Fine-Tuning LLMs on a Local Multi-GPU AI Workstation

Author: Dennis Garcia

Published: Wednesday, April 8, 2026

Model Training Software

Axolotl LLM

Axolotl LLM is a training application that is most commonly used in the cloud and only requires a YAML file to configure a training run. Being that this application is open source you can also run it locally and change things if needed.

There are two challenges when it comes to open source LLM training. First are hardware and software demands. Python is a powerful and fragile language allowing programmers to achieve a lot, provided that everything is perfect. Upgrade the wrong package and you may never get the system working again. These packages are also tied to specific driver versions and unlike on Windows, there is often no fallback option, it either works or it doesn’t.

The second issue is that only small subsets of AI professionals do model training and even fewer are building the software. As the laws of demand dictate, “if nobody cares, then nobody will work on it”

Combined this creates an environment of barely working code mixed with workarounds because that is what works. Speaking from experience, installing Axolotl LLM is a real bitch with a long list of requirements and dependencies that often don’t play nice together or are stuck on older versions and impossible to update. I have had really good luck using the Docker version as it removes many of the python dependencies but can still trigger hardware ones so, you’ll need to do some testing.

Augment Toolkit will generate an Axolotl YAML file so if you use that tool you can go directly from dataset generation to training in one step.

Deepspeed

Deepspeed is an interesting project that adds memory management to LLM training. By default, LLM training is dependent on VRAM so, if your training job requires 1.4TB of memory you will need enough GPUs to satisfy that requirement. Axolotl supports a number of optimizers including Deepspeed and allows you to change the memory requirements. Sometimes these will accelerate training but, more often than not, it helps to reduce costs through memory offloading.

Adam ZeRO optimizations change the memory dynamic by enabling training on systems with limited GPU memory. For instance, I can train 4B parameter models on my AI workstation using the 2x RTX A4500 GPUs and the 128GB of system memory. This process will require about 80GB of memory and with Deepspeed I can offload most everything to DRAM allowing the software to actively swap weights and tensor information in and out of the GPU during training.

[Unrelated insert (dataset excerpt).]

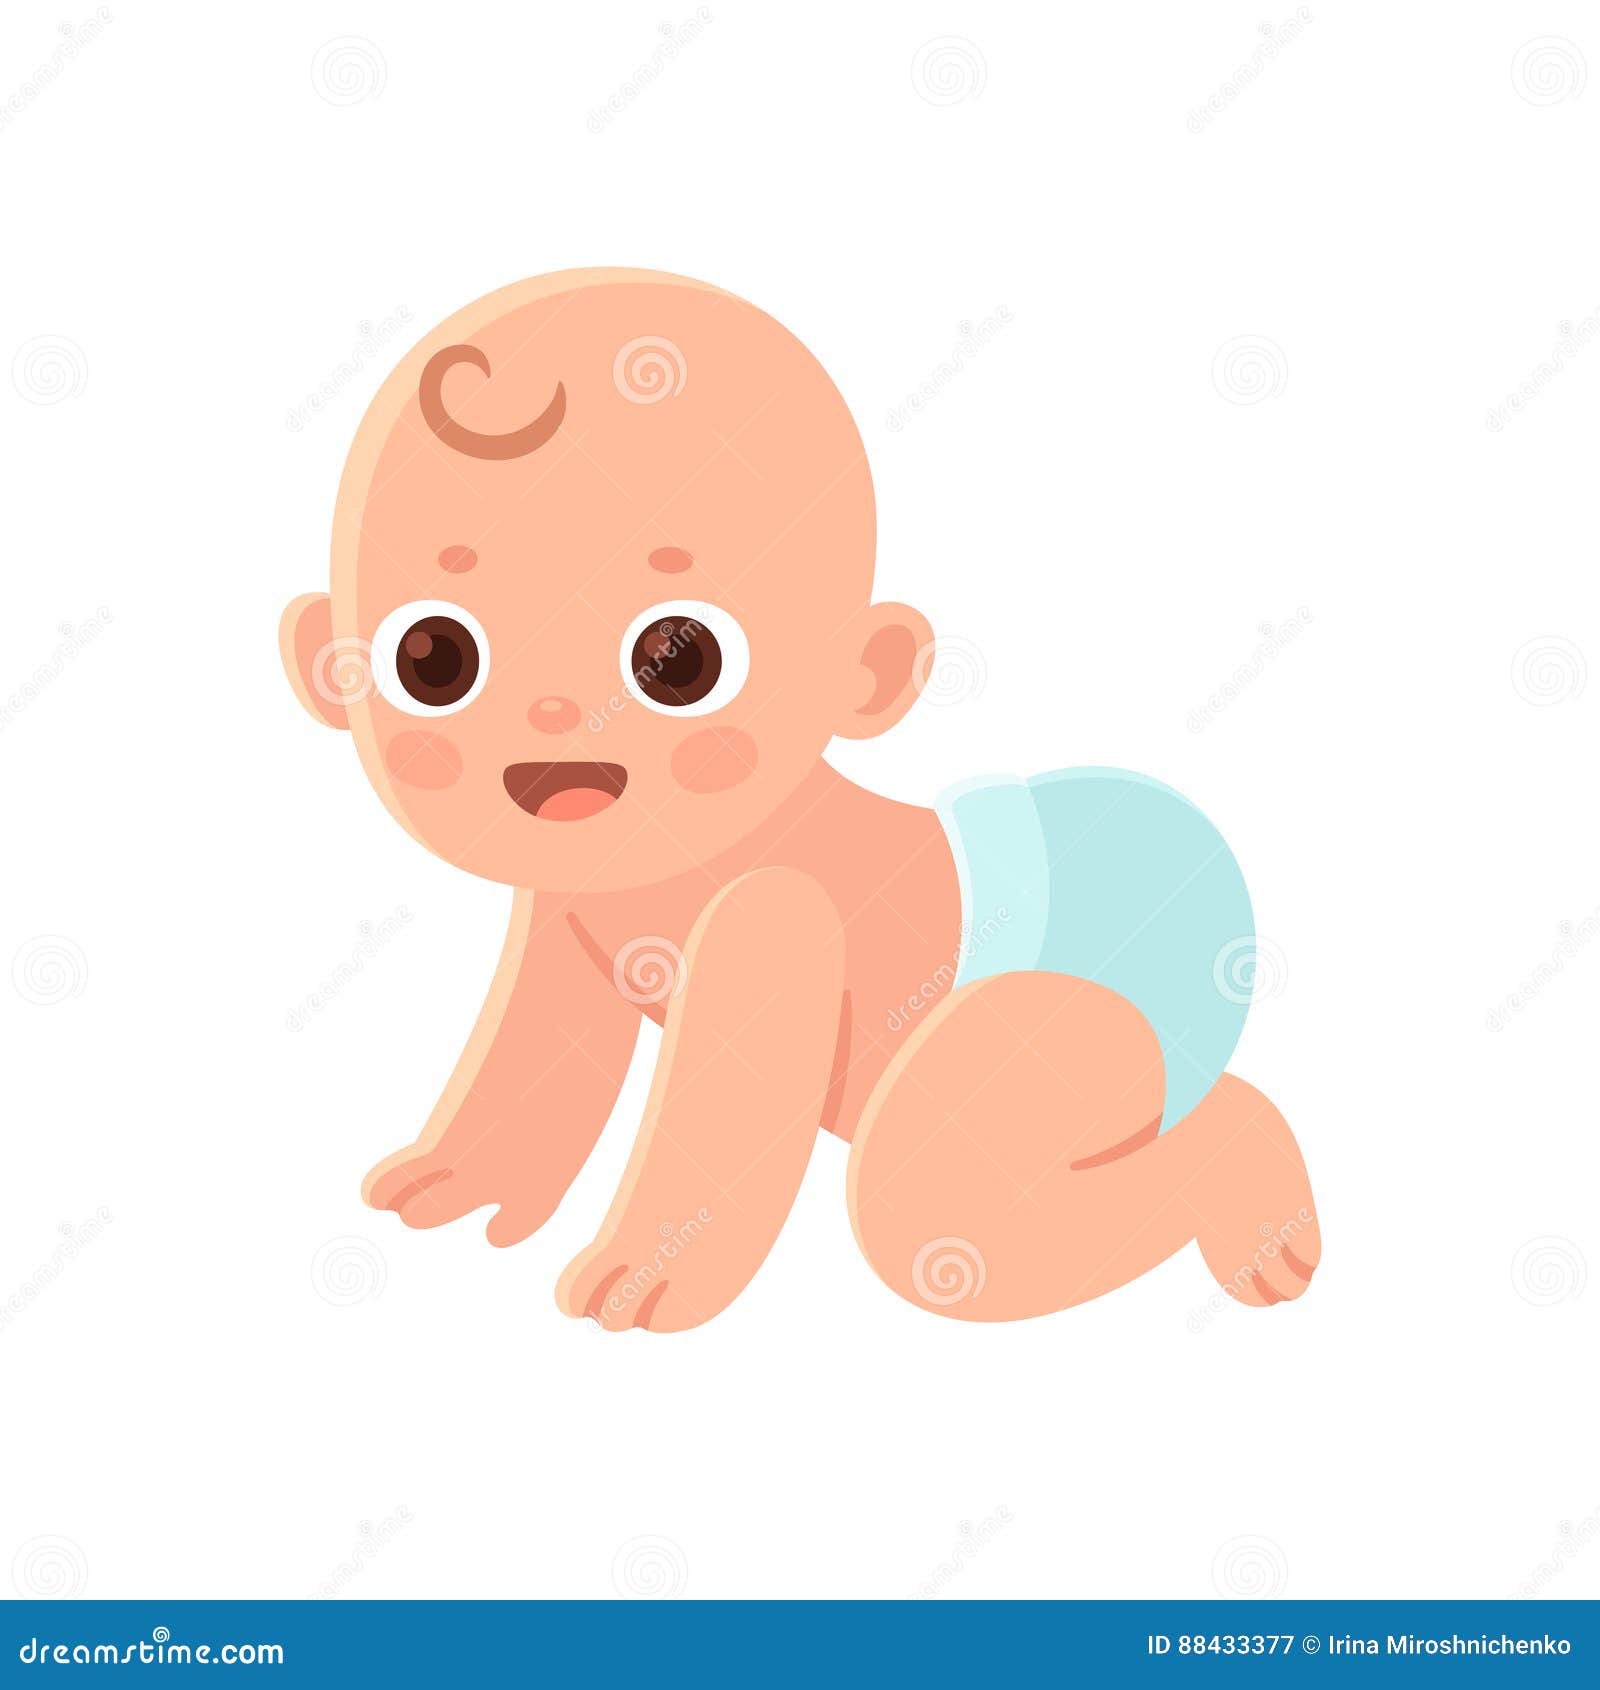 Cute cartoon baby stock vector. Illustration of motherhood - 88433377

Adam ZeRO 3 also has an option to offload to a NVMe drives and allow you to train even larger models on limited hardware. For instance an 8B model needs 150GB of memory to train but since my AI workstation only has 128GB that won’t be possible without offloading part of this to NVMe.

Kinda...

Thing is, Deepspeed is primarily being used in the enterprise space for cloud training and in this environment users will leverage the DRAM offload because NVMe offload is not available and DRAM is faster. As such the NVMe offload option has some rather serious bugs that will often crash the training job and still requires an extremely high amount of DRAM. While this works for small models it does severely limit the types of systems that can do model training and what models are supported.

On a positive, Deepspeed and Axolotl are both actively being developed and will often have LLM training support on day one when new models are released along with a support system if bugs are found.